In part one of my “Automated Web Analytics Testing with Selenium” series, I described the steps necessary to configure a custom web analytics beacon to enable automated testing of your site’s web analytics code. If you missed part one, you can find it here:
http://stdev.wordpress.com/2010/01/15/selenium-automation-webanalytics/
Since establishing the beacon, it has collected over 50,000 unique variables across countless pages, multiple test environments and from a combination of automated and manual test clients. While performance was a consideration in the original solution design, exposing the beacon to multiple test clients and introducing the possibility of parallel result processing quickly revealed a scalability problem. Given this (and for maintainability reasons), I decided to port the beacon from PHP, MySQL and Apache to .Net, MSSQL and IIS6. If you’re interested in the details, let me know and I can email you some info.
Below is a summary of some of my findings from the project with some important considerations for anyone wishing to develop their own custom analytics beacon.
Be Selective
In the beginning, it’s likely that your beacon will be logging ALL analytics data being sent to it. This isn’t a problem, but it can turn into one if left too long. Logging duplicate or irrelevant data will unnecessarily increase the size of your database and potentially increase processing times.
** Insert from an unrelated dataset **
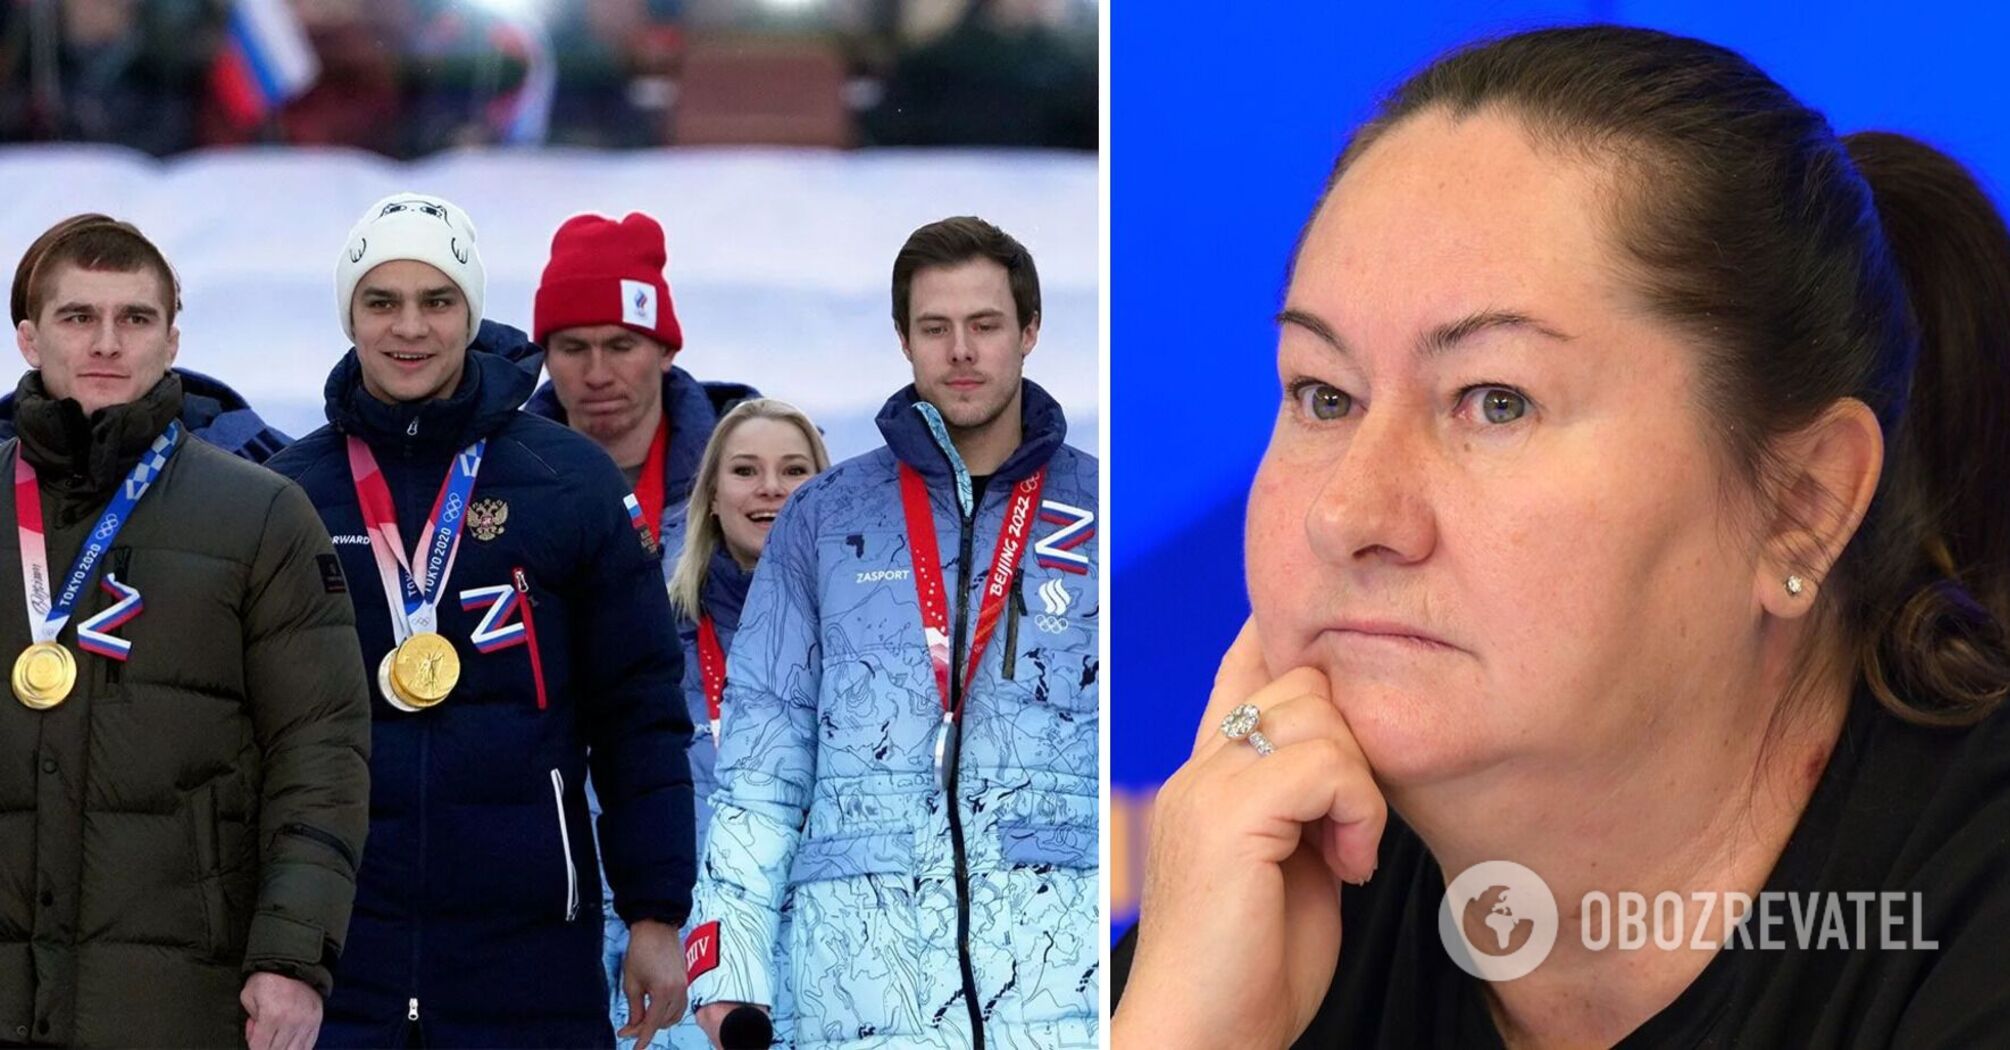 'Have we declared war on anyone?' Russian Olympic champion cynically responds to calls for an Olympic truce
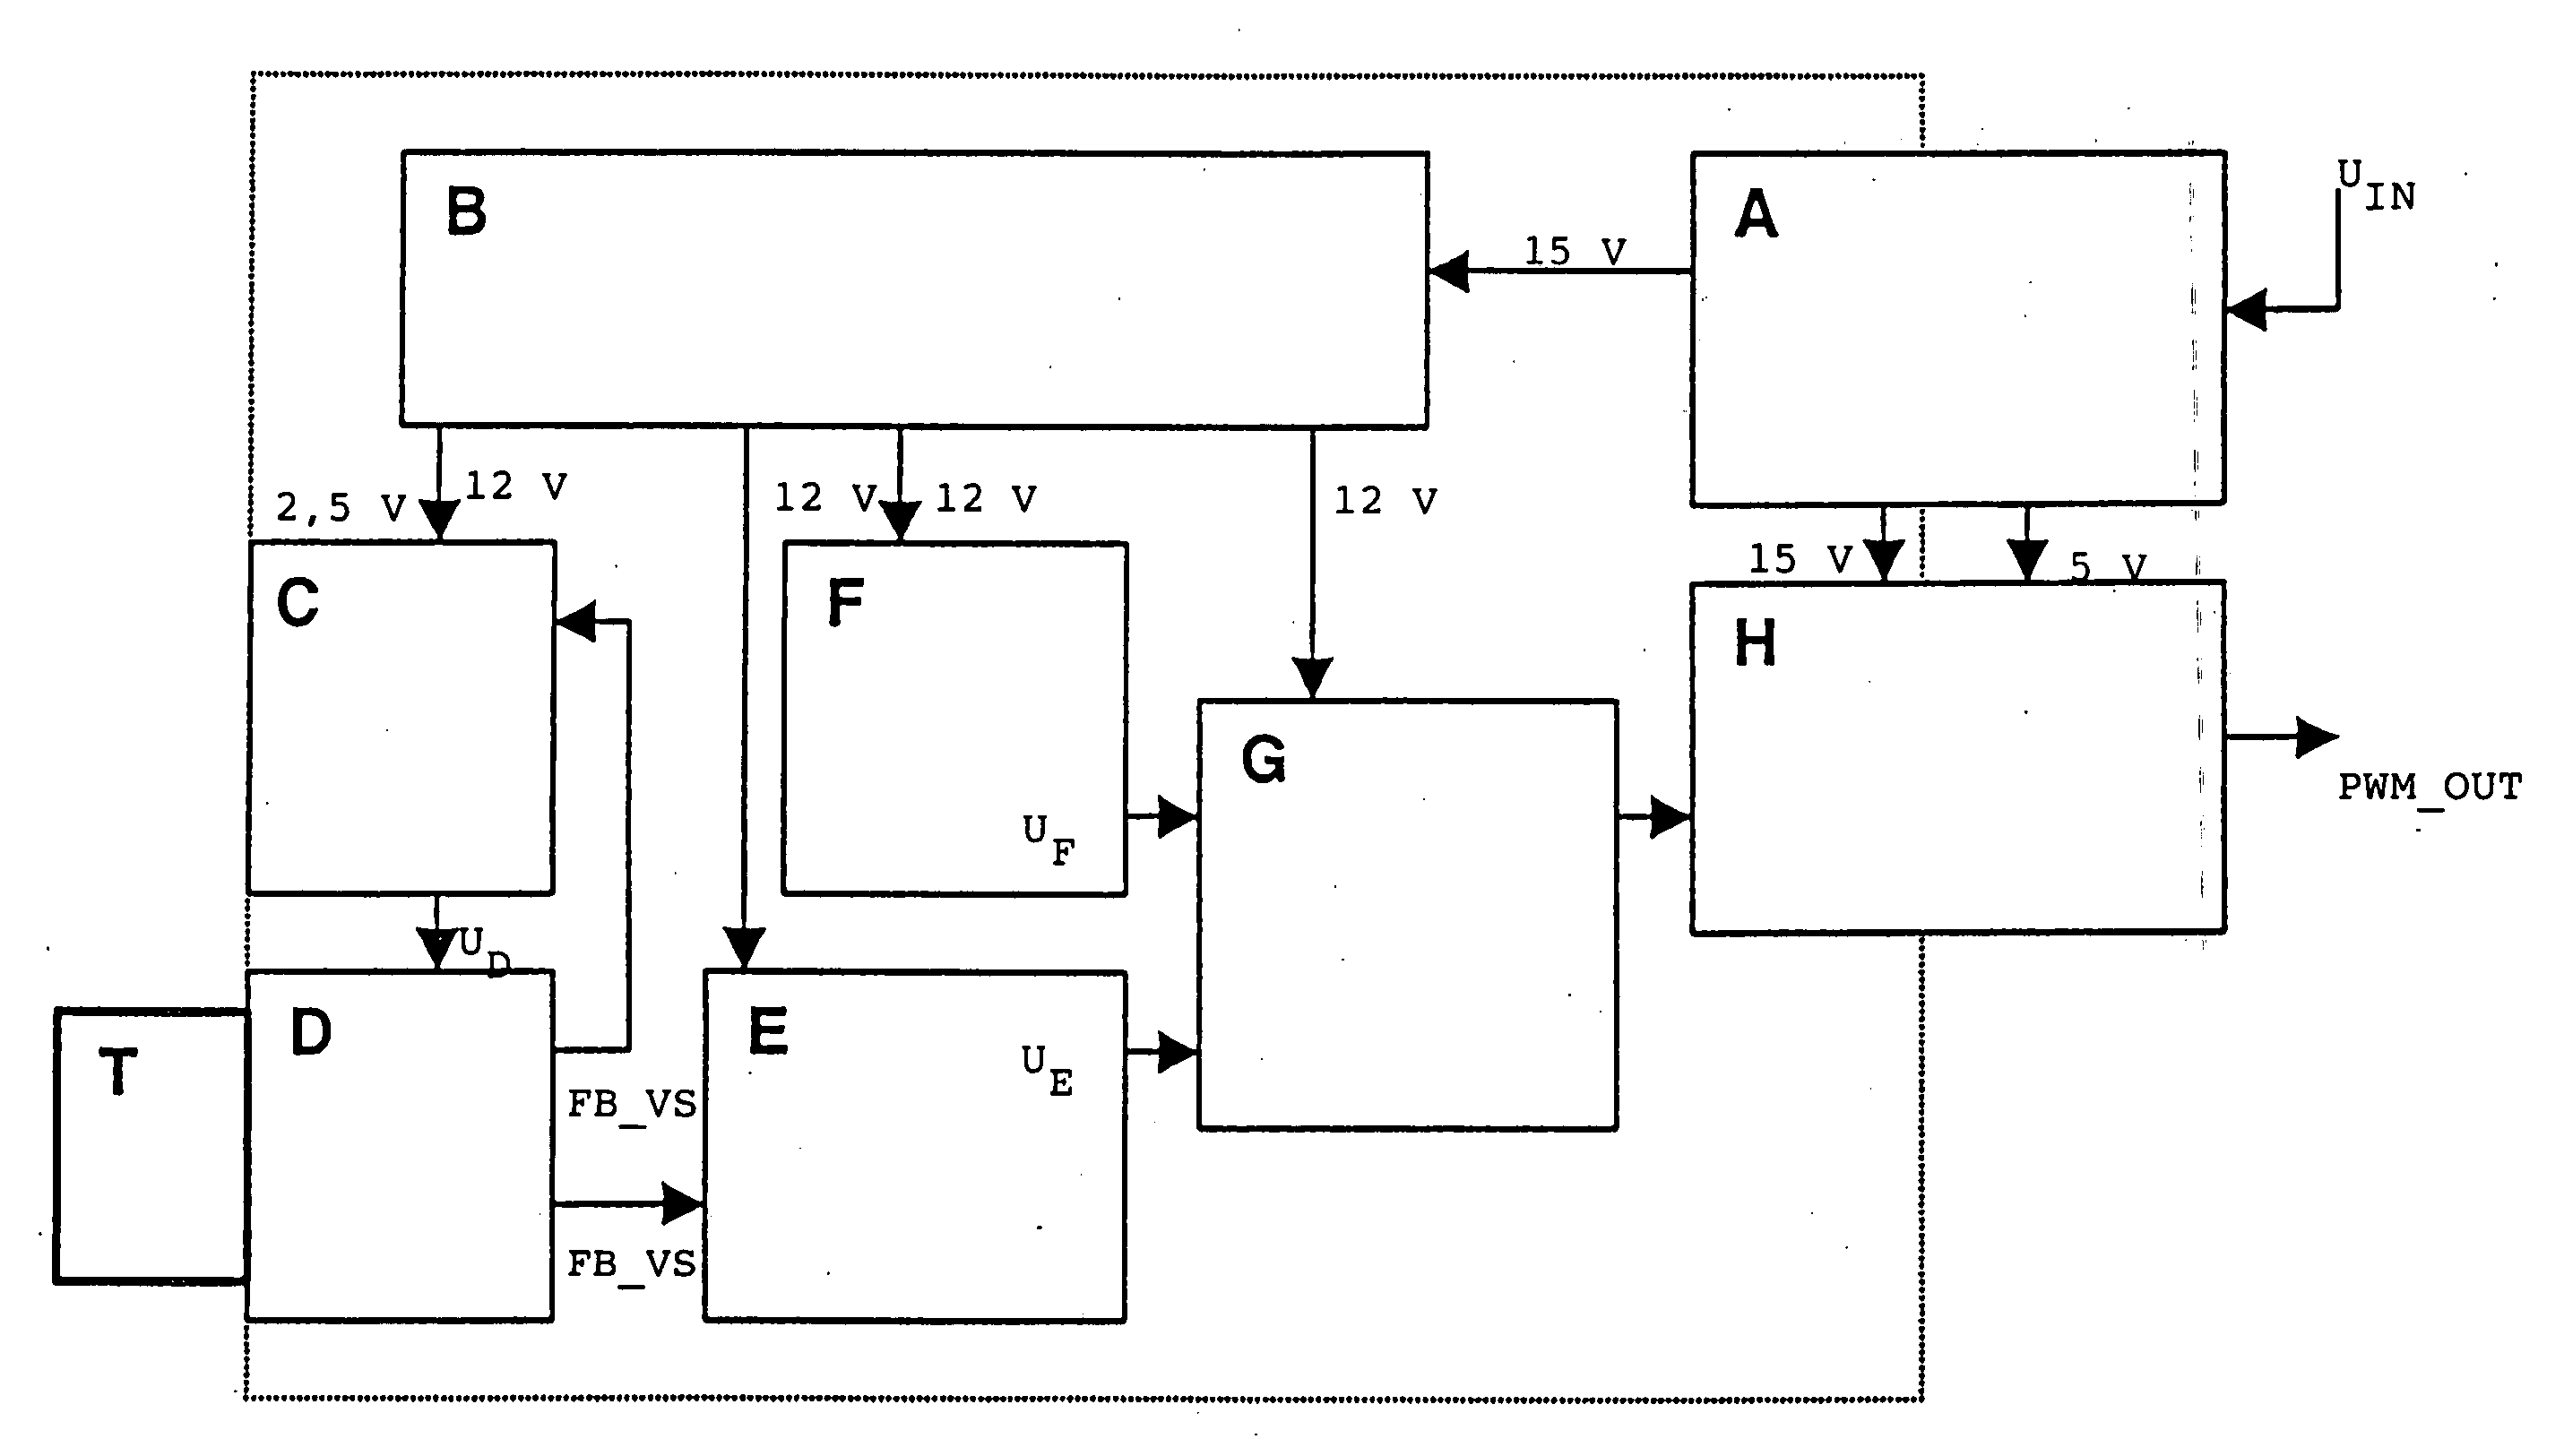 Isolated measurement circuit for sensor resistance

After you’ve gathered a good amount of data, perform some analysis to determine whether there’s anything being logged that you don’t care about. For example, it’s very likely that you’re beacon is storing analytics variables which detail page access times. In terms of testing your analytics code, these dynamic variables probably don’t reveal much and can be ignored.
In addition, ensure that any url’s you’re using to identify pages are stripped of any variable query string data before logging. You’ll likely be using these urls to identify unique pages so this variable data can mislead your beacon into logging another instance of what is actually an existing page.
Manage Undefined Variables
Undefined variables might show up in your analytics query string data. You wont know where and you won’t know when so it’s important to handle this data appropriately within your beacon code. Before deciding whether or not to store undefined variables (in some fashion), think of the situations where they’ll be used. For example, if the undefined variable is a host, url or page name field, it’s very likely that these core attributes will be used to query the database at a later stage. Ultimately, analytics data doesn’t mean much if you don’t know where it came from or what page it relates too but use your own judgement as to whether to keep or discard these records.
Single Page, Multiple Instances
In the web analytics world, a single page can have several different instances based on the path taken through the site to reach it. In order to log data for each of these instances, ensure that you log based on unique url and referrer, otherwise your beacon will overwrite the same instance of the page with each set of new variables that it receives.
Database Indexing
Naturally, exposing your beacon to multiple test clients increases the amount of data being processed and written to the database. Combine this with an all-inclusive logging approach (at least in the early stages of data collection) and chances are, you’ll be storing thousands of records. To prove the importance of indexing, my performance tests revealed that once the database grew to 100,000+ records, beacon processing and response times jumped from < 1 second to approximately 10 seconds. In my specific example, this ultimately resulted on our test automation timing out waiting for the analytics request to complete. In this particular case, indexing was a simple solution.
For those considering automating their manual analytics testing effort, the above steps should help you develop an effective and efficient analytics logging solution. In the last post of this series, I’ll detail the final steps required to fully automate your analytics testing, including baselining your resultset and displaying your test results.
Tags: automation, google analytics, omniture, selenium, web analytics






Hi there,
I would like to learn more about how you ported the beacon from PHP, MySQL and Apache to .Net, MSSQL and IIS6.
Thanks
Antonio
I would like to know how you built the beacon in a .NET framework environment.
Thanks
Raman